If most of us could write down or relate everything we remember in detail, the retelling would probably account for a total of two or three days, a week at most.
If we've been alive longer than a week, that means that an awful lot has fade, fade, faded away...mainly because we weren't fully awake in the first place when all the forgotten went down.
This is one of the reasons that writers write. We momentarily wake up and search to find words to describe and preserve the moment as well as to show that we were truly awake and in control of our resources when we found those words that stay. All creativity takes place in those fleeting moments when we are awake. When we pull out the evidences of our awakening, it takes us right back to the moment of creativity when we momentarily stepped out of the slumber.
Examine your memory banks. What's in there?

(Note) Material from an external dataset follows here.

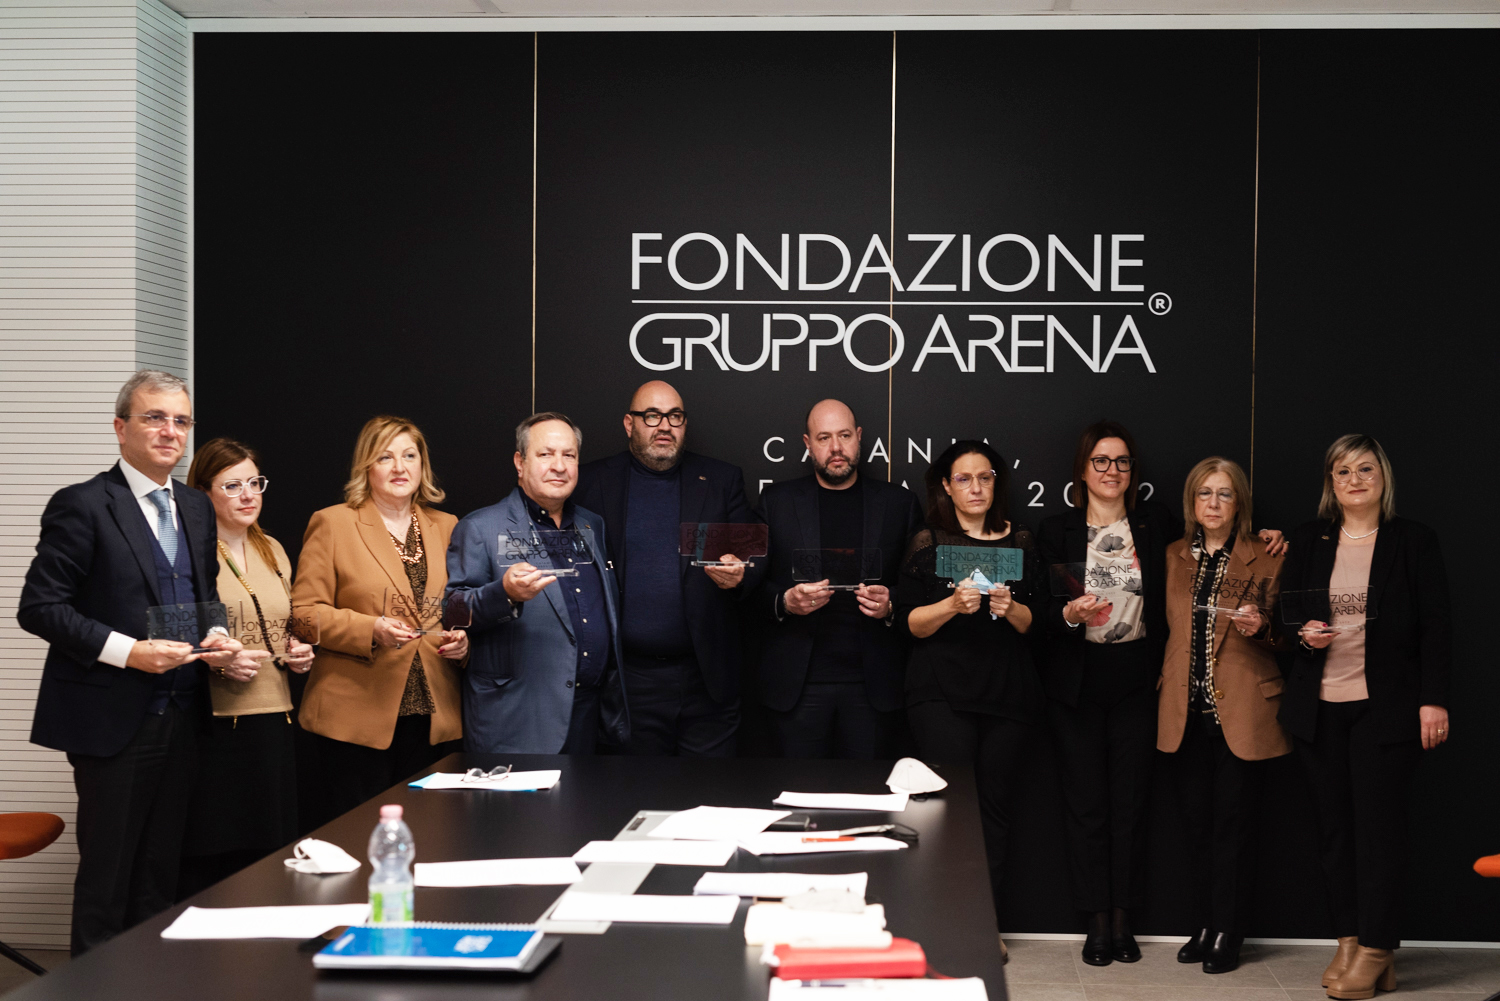 Fondazione Gruppo Arena

Some joy, some pain, some history, some victory, some defeat, some hater, some love, some laughter, some tears, some anger, some shock, some awe, some terror; all of these inputs happened when we were awake or when we suddenly woke up just before they happened which may or may not have caused them to happen in the first place.
Remember when you fell in love the first time.
You woke up just in time and your loved one woke up when you did.
When I was a classroom teacher, I used to run this theory past my students. After I asked them if they were awake, which almost all of them said that they were, I would say "if you are truly awake then you will NEVER forget what I am about to do right now. Are you ready? Are you awake?"
At which point I would loudly clap my hands once.
That was the thunderclap.
I would tell the students "if you were awake, you will remember the thunder clap forever. I encouraged them to wake me up in the future by thunderclapping when they saw me a year or two or twenty down the road.
I was at a supermarket last weekend. A young man walked by me and clapped once. Then he said "Mr. Rivers, I was awake that day and I knew I was and I said I was."
His thunderclap woke me up enough to remember the incident; enough to recall it and preserve it here. I hadn't seen that particular student in at least ten years.
This wasn't the first time I've been thunderclapped, merely the most recent.
I'm thunderclapped quite frequently as a matter of fact
It's a good feeling like coming out of a dream and wondering "how long have I been out".
If you are awake now as you read, you will remember the thunderclap forever
And wake up again as you recall
and when you wake up, get ready something big is about to happen.